When it comes to work on a ship, there is a lot of climbing involved for some seafarers. On board a vessel, ladders are necessities. Many workers have to use them daily. While ladders are useful tools, they are also a common scene for accidents. Ladder accidents tend to have multiple factors, not to mention, the severity of the injury has its own risk factors. 

Ladder accident causes 

In 2016, the American Ladder institute noted that missing the last step and overreaching were the most common causes of ladder accidents. When using a ladder, the person should always use three points of contact. There should be two hands and one foot or two feet and one hand present on the ladder at all times. A person’s center of gravity should always be between the rails. Workers should never overreach! 

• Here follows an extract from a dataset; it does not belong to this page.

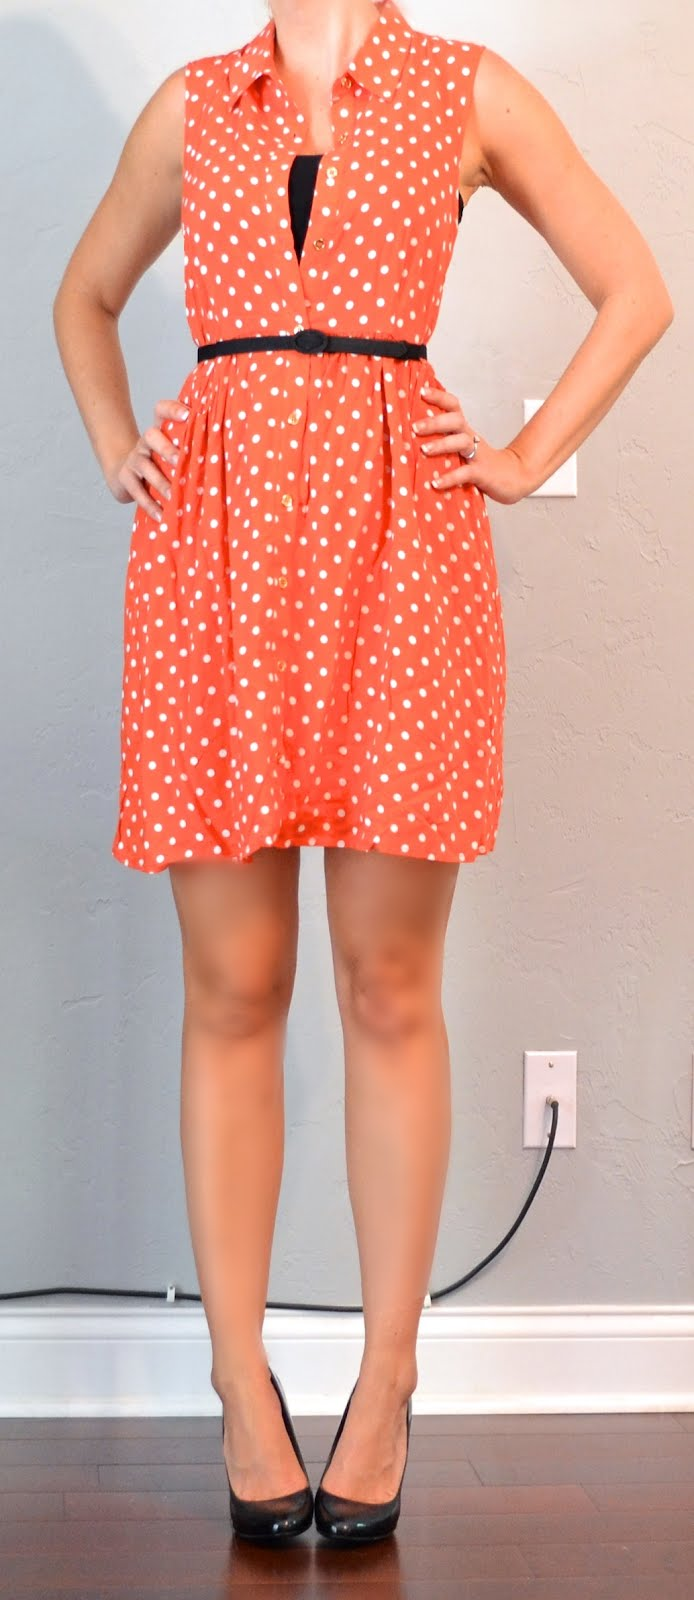 Outfit Post Orange Polka Dot Dress

Additionally, many people miss the last step when climbing down. It is important that anyone using a ladder faces it at all times and practices careful climbing on those last steps. 

Ladder injury risks 

According to the Industrial Safety & Hygiene News, the height of the fall may matter less than the age of the person who suffers the fall. Of those who suffer injuries after a fall from a ladder, their average age is 55 years old. The older the patient, the lower the mean fall height is and the more severe the injury may be. 

For those who are over the age of 66, they are more likely to experience truncal injuries or traumatic brain injuries. Older seafarers are more vulnerable than other members of the population are.